• [Exercise directions]: Print the data below again in full, exactly as it stands, with no images.

• [Given data]:
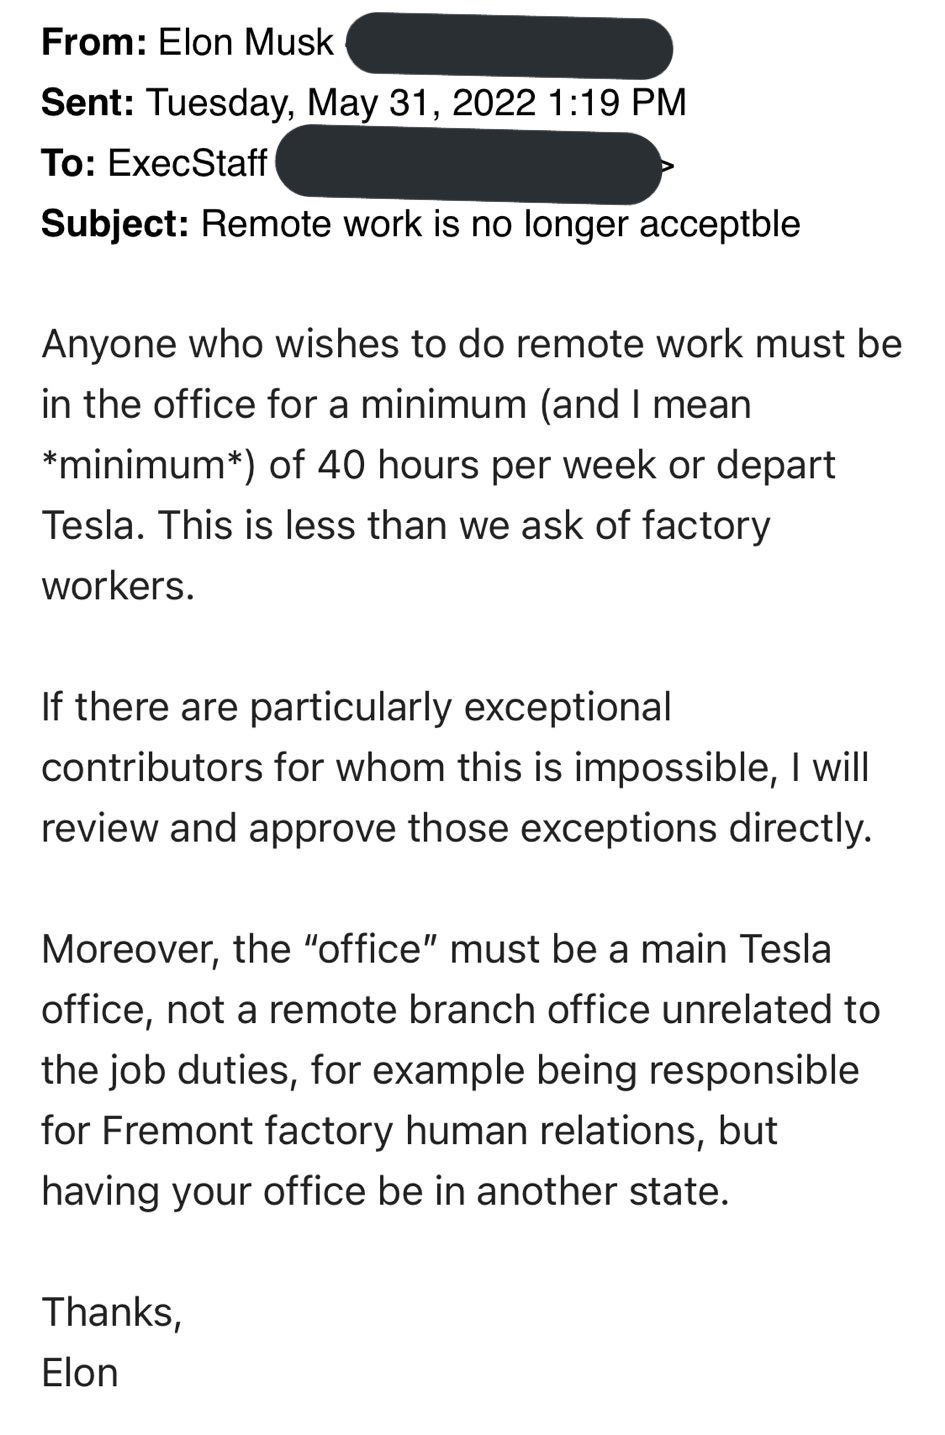 Elon Musk to Tesla executives: go to the office or quit
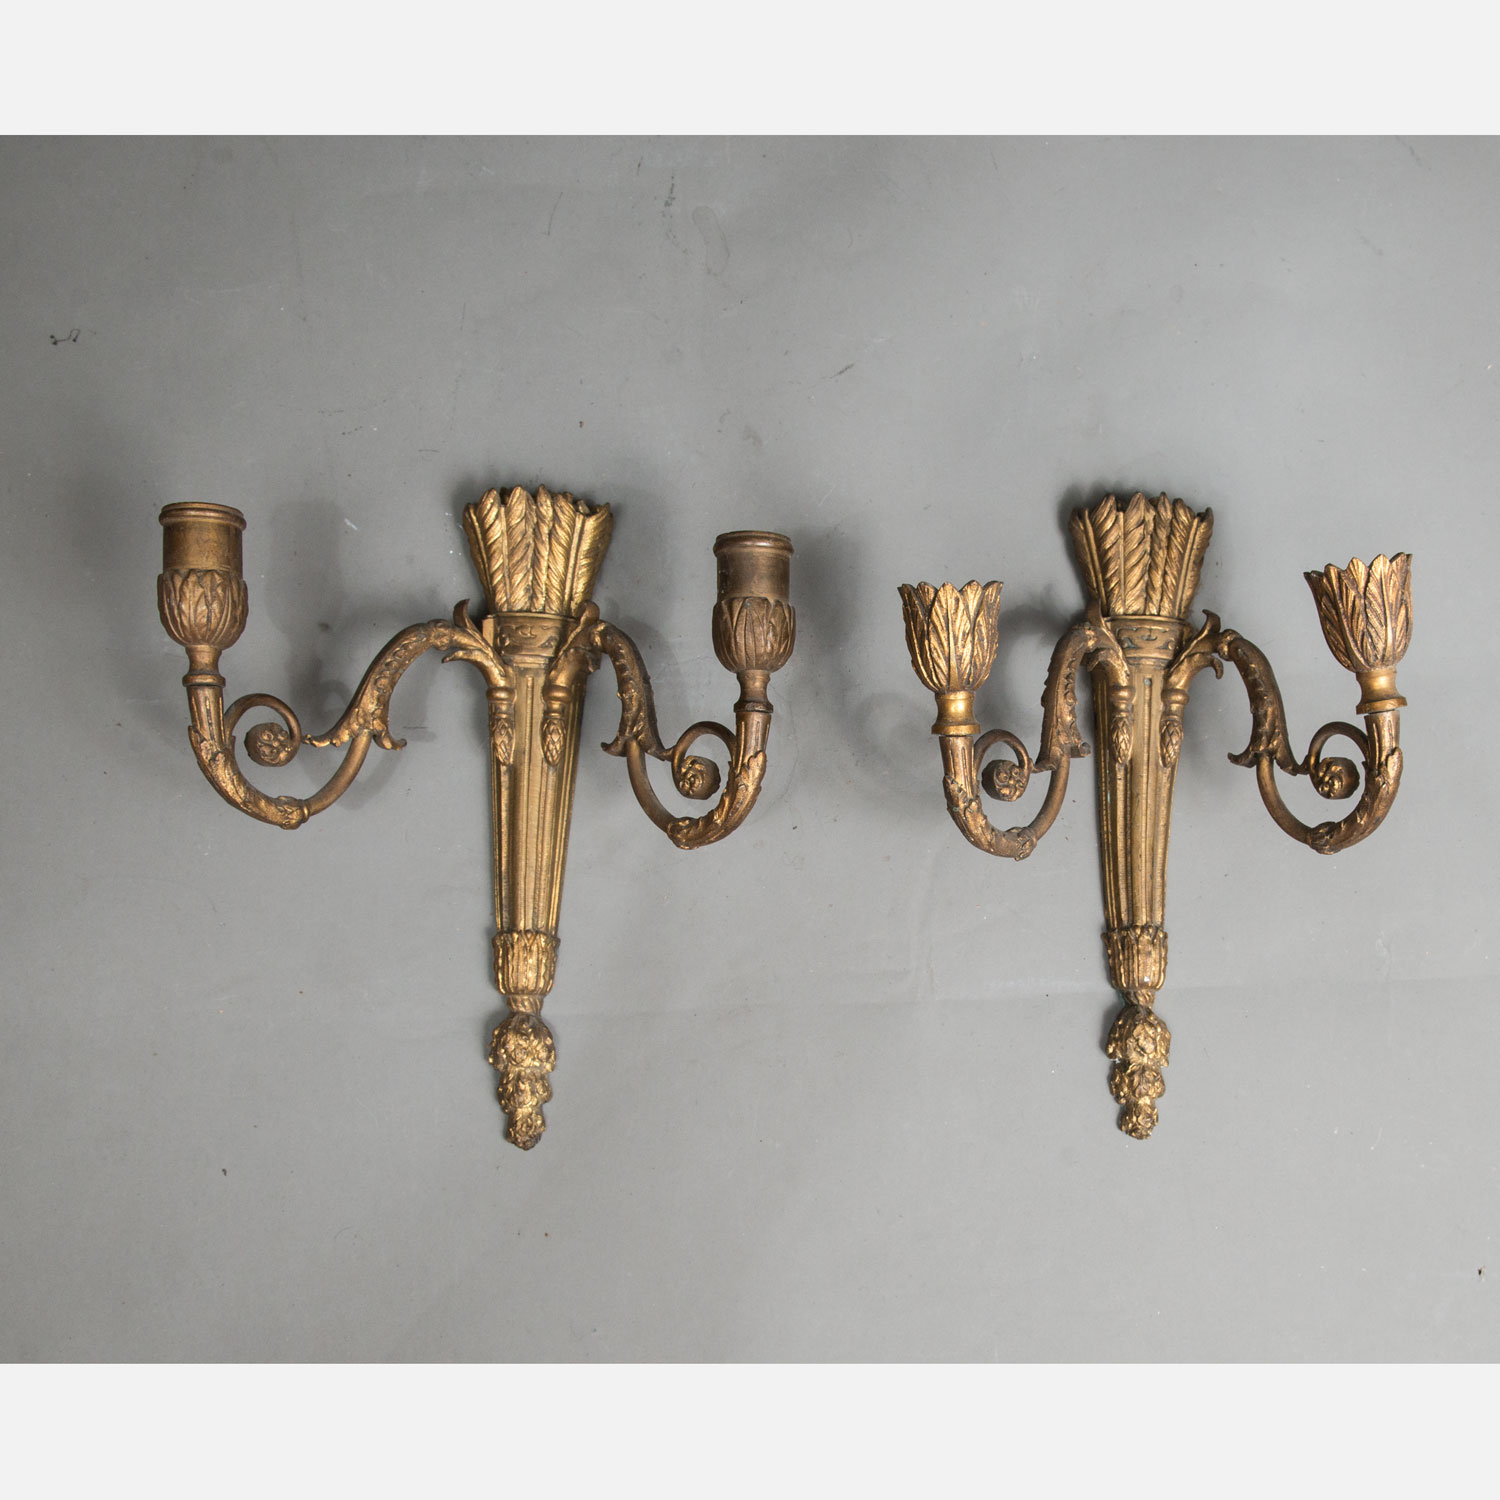 Pair of French Wall Apliques - Image 2 of 4
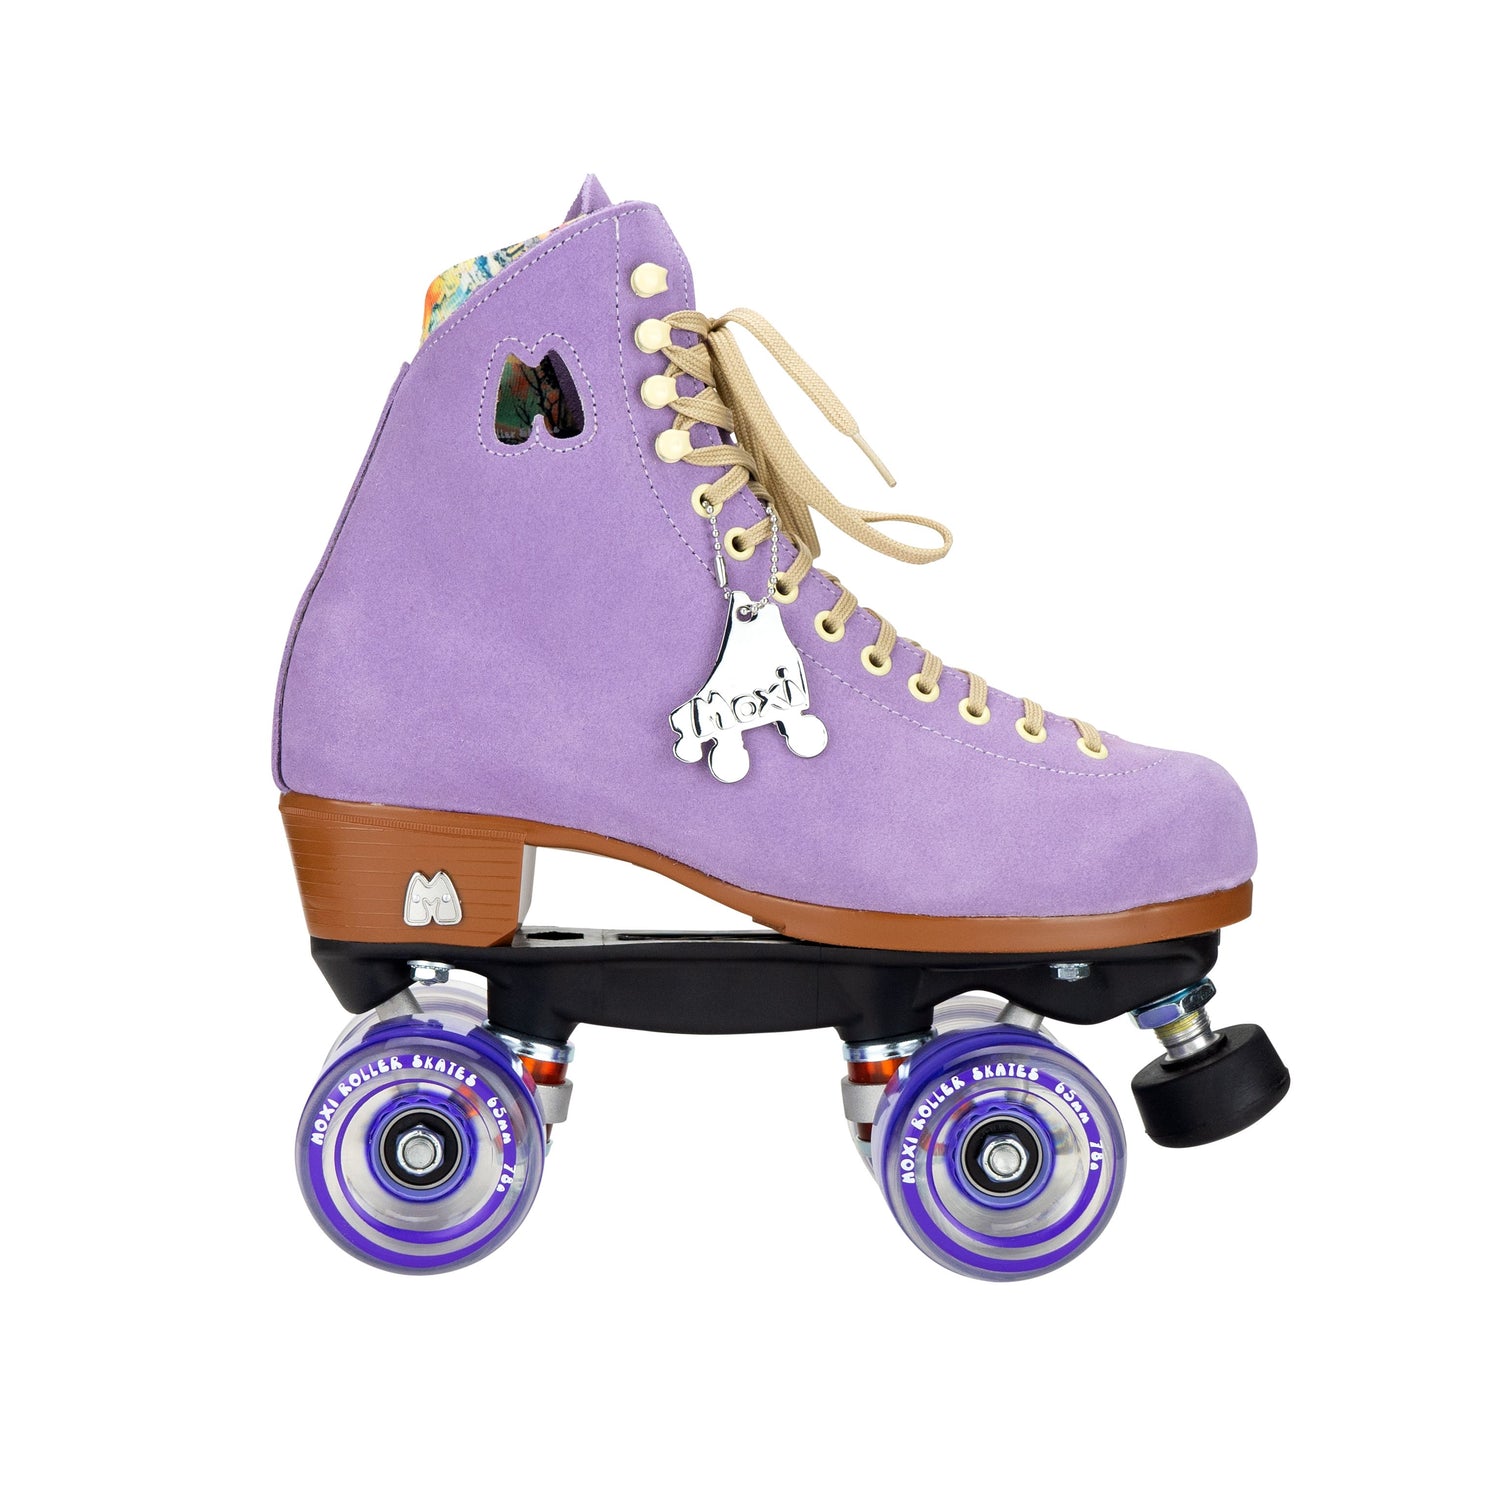 Come to Fresa's Roller Skate shop in Las Vegas and get your Moxi Lollys Skates.  These Lilac Moxi Lolly Roller Skates are ready to the outdoor. Cruise around Las Vegas Art District or come and skate in our indoor skate ramp.

• [Result]:
 Elon Musk to Tesla executives: go to the office or quit
 Pair of French Wall Apliques - Image 2 of 4
 Come to Fresa's Roller Skate shop in Las Vegas and get your Moxi Lollys Skates.  These Lilac Moxi Lolly Roller Skates are ready to the outdoor. Cruise around Las Vegas Art District or come and skate in our indoor skate ramp.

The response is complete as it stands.